| Task statement |
Could you copy exactly the lines below from the one with "Διακόσμηση με ζωγραφική" to the one with "Dior Foundation Diorskin Nude Fluid", inclusive, leaving out any pictures?

| Data shown |
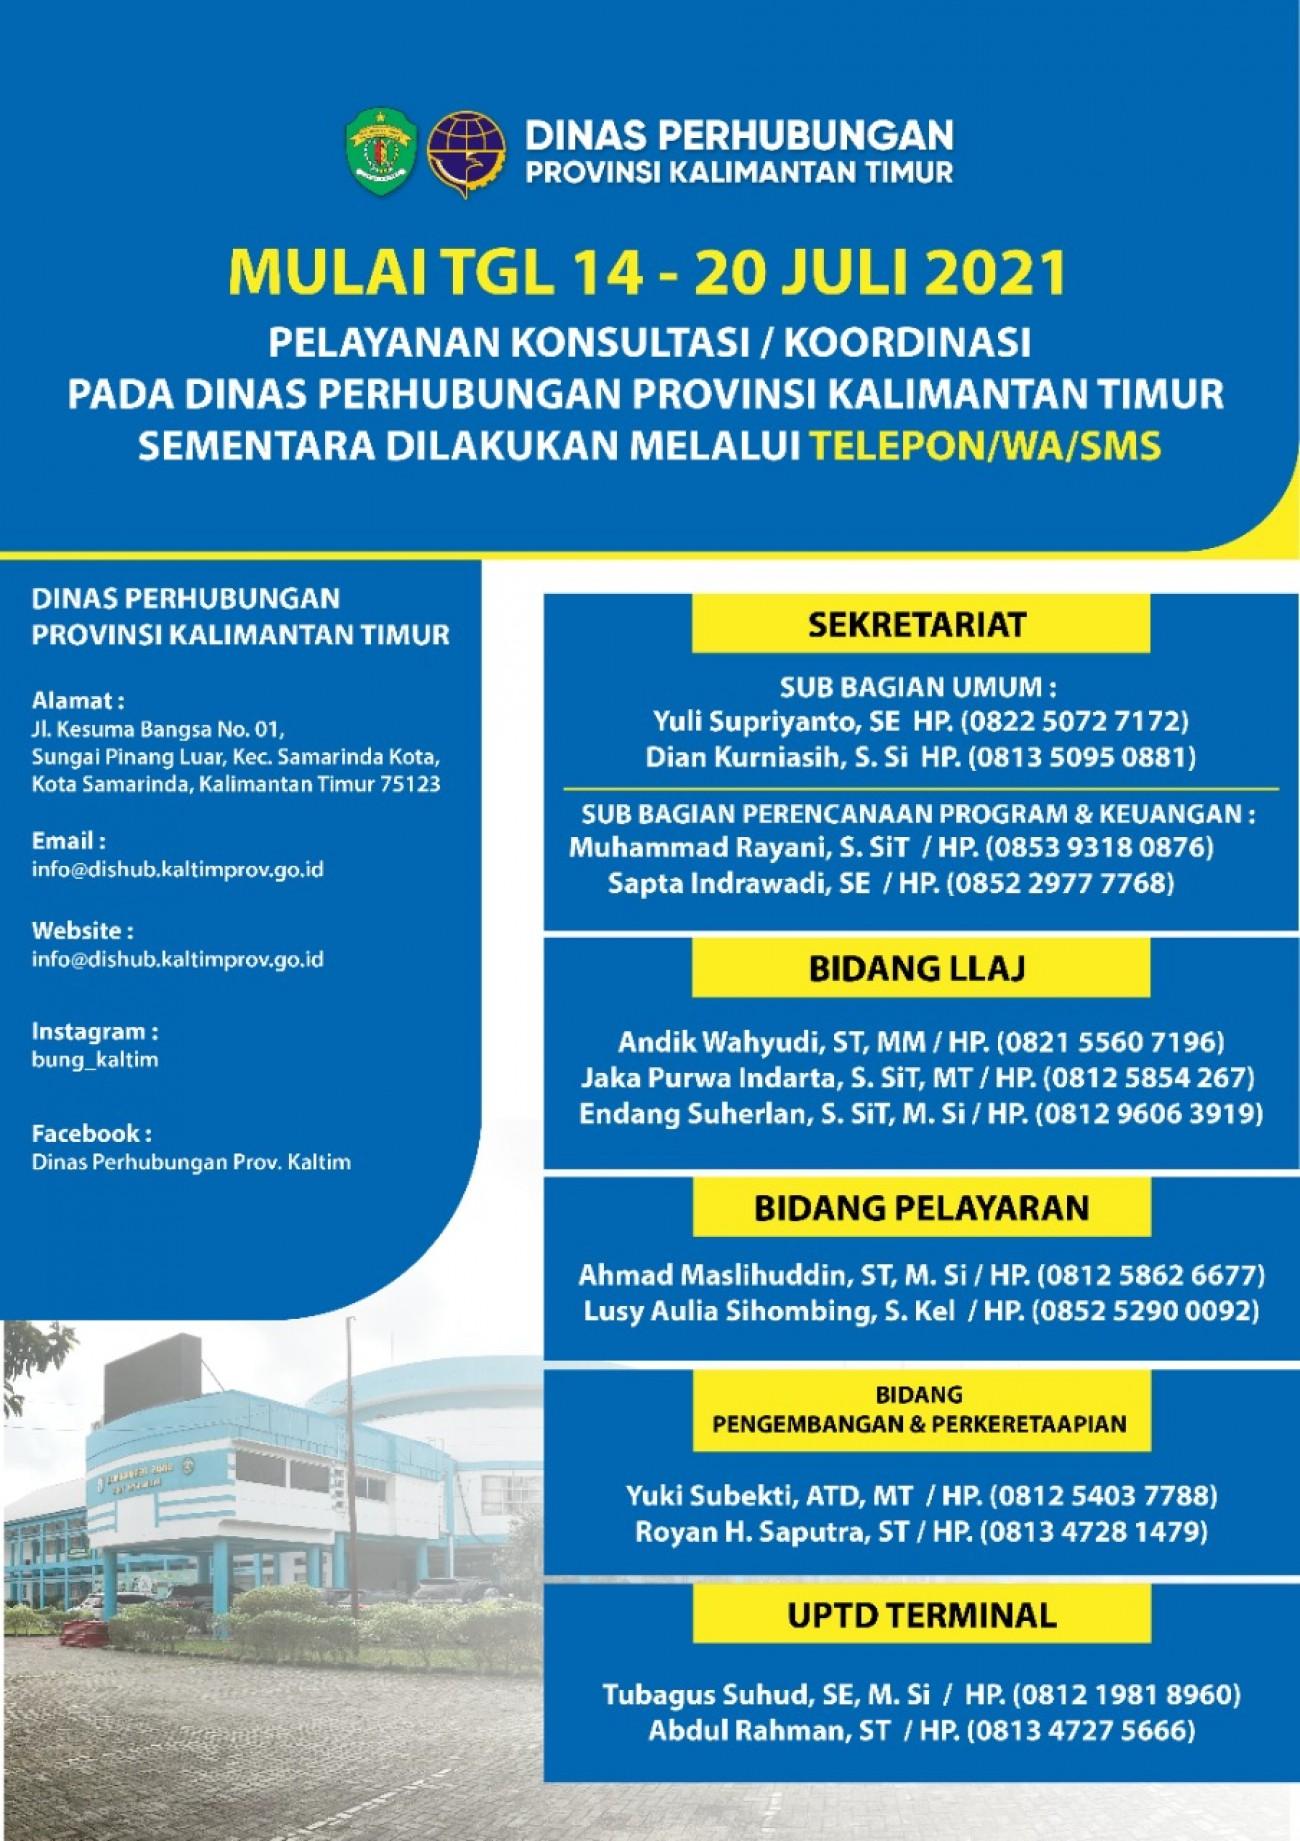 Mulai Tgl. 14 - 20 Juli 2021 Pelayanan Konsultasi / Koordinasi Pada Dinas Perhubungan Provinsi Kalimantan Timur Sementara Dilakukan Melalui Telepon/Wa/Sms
...
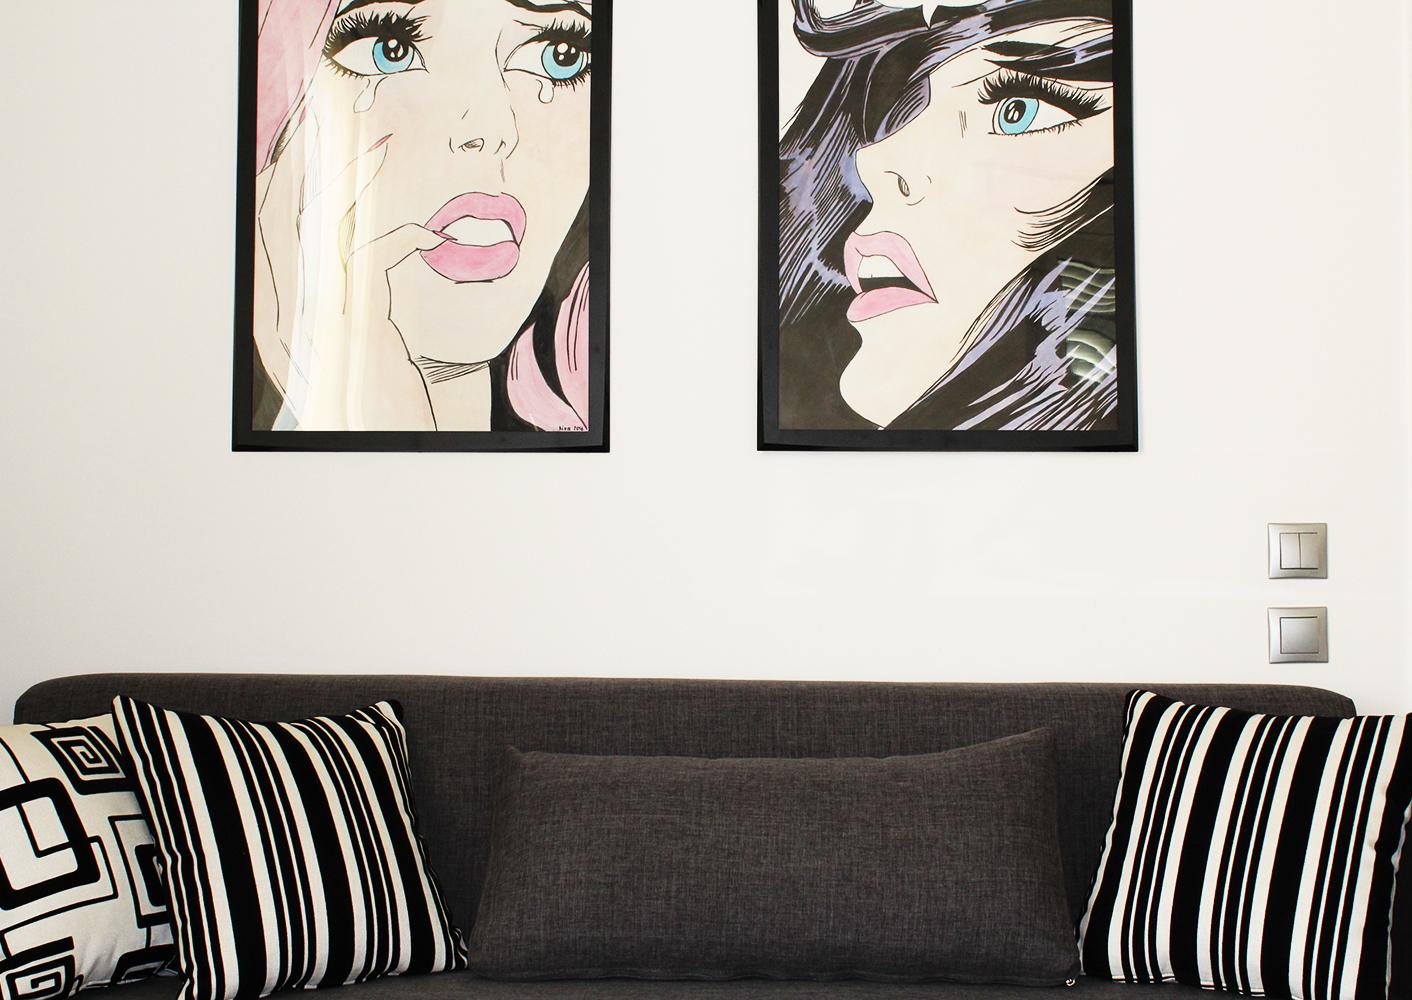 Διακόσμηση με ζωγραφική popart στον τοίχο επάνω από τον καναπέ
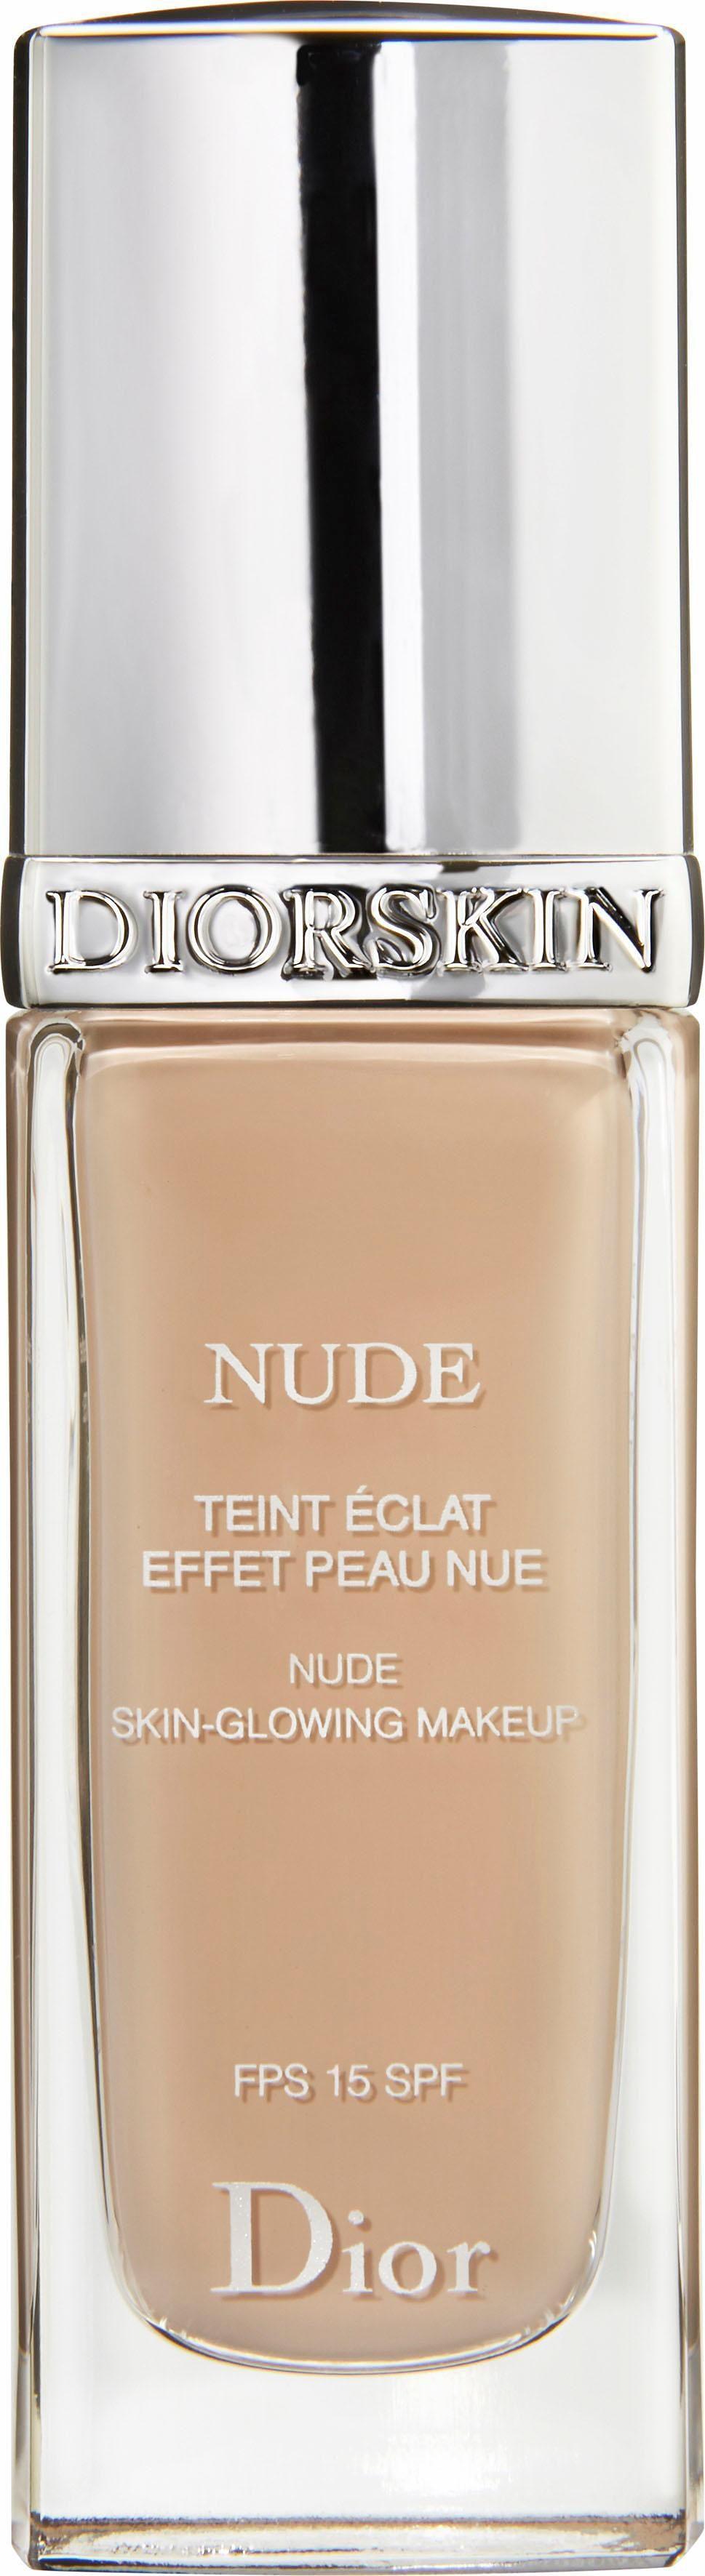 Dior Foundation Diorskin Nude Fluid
* * *
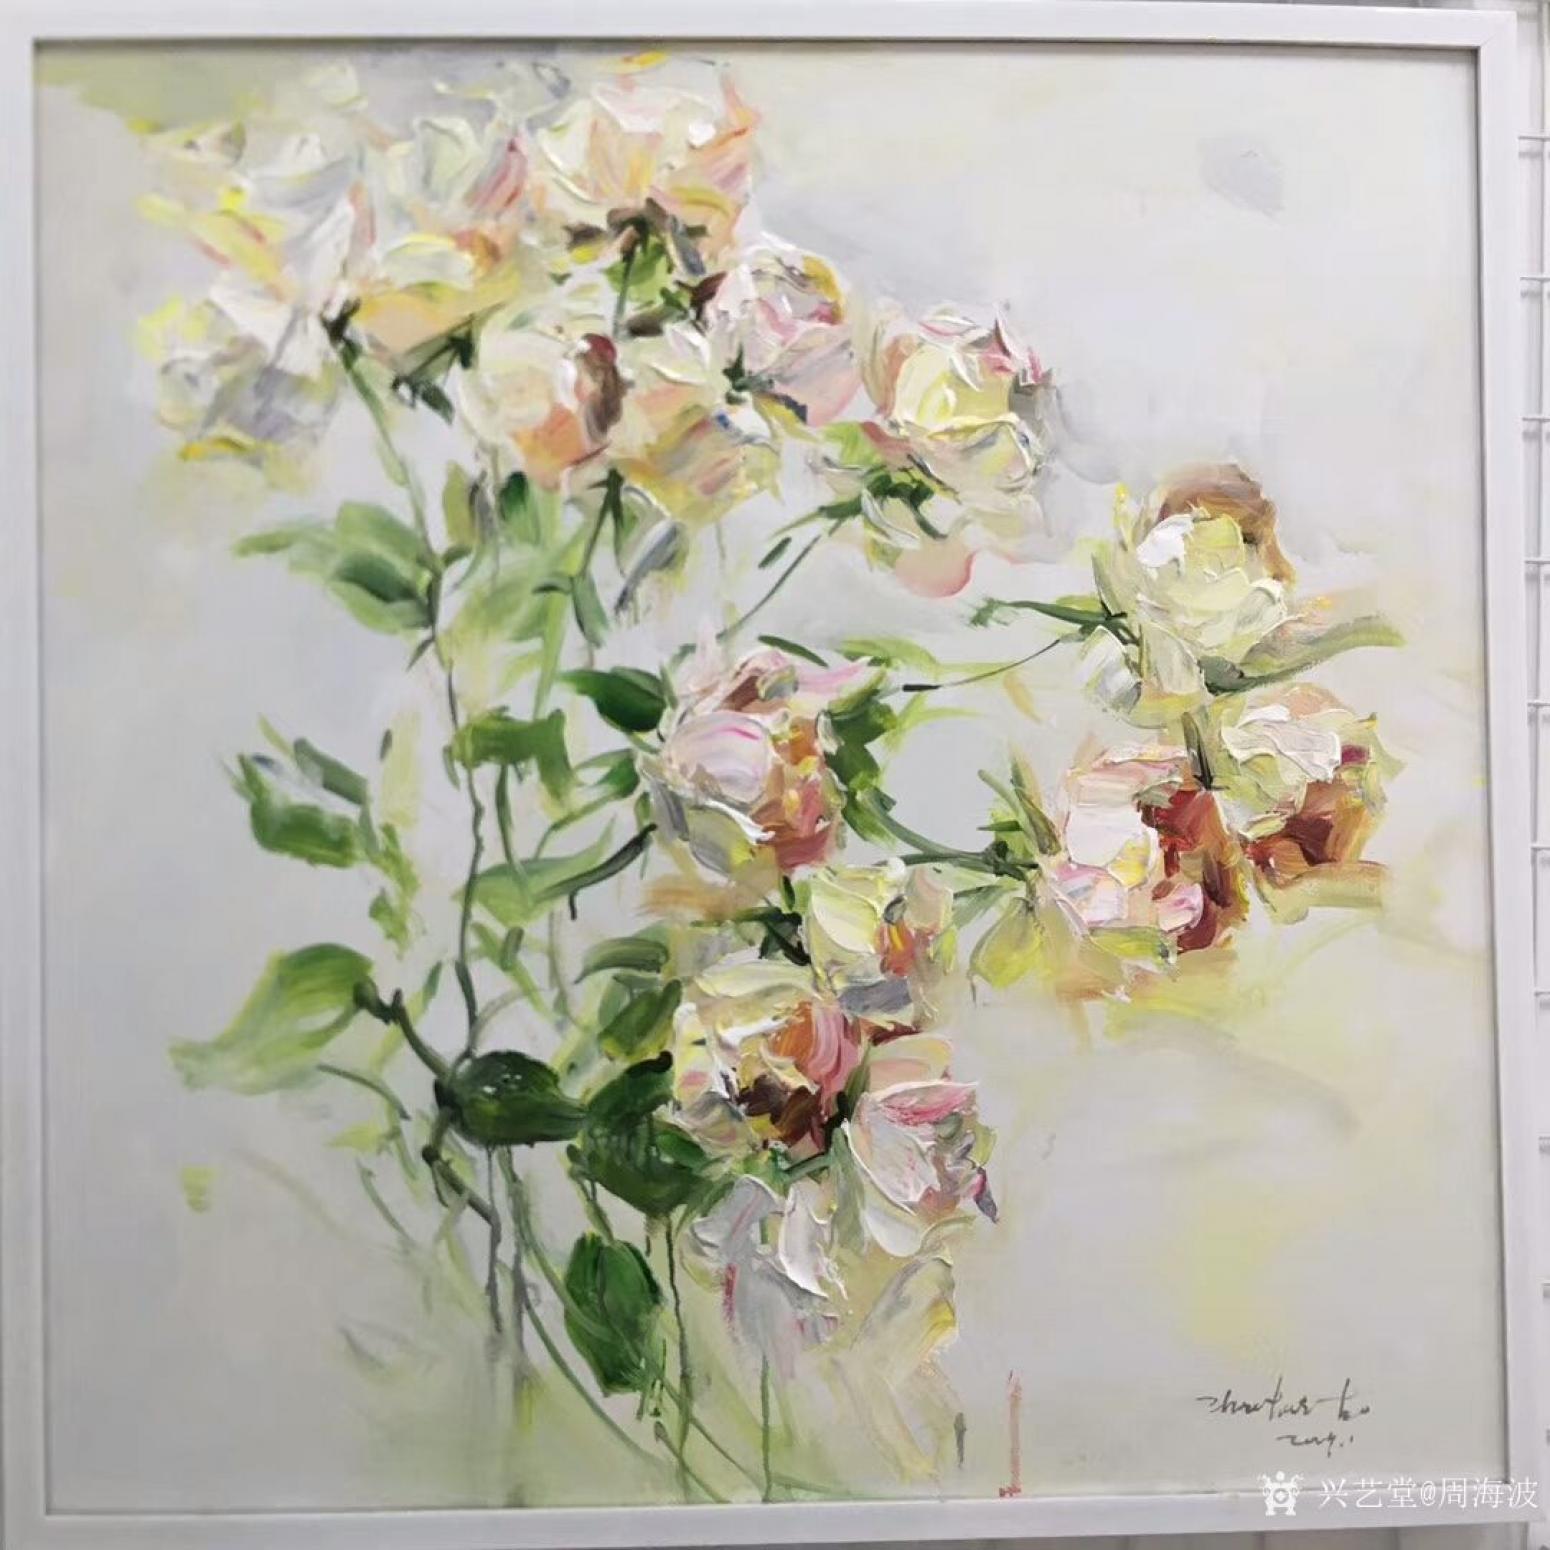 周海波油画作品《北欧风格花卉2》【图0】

| Completed task |
 Διακόσμηση με ζωγραφική popart στον τοίχο επάνω από τον καναπέ
 Dior Foundation Diorskin Nude Fluid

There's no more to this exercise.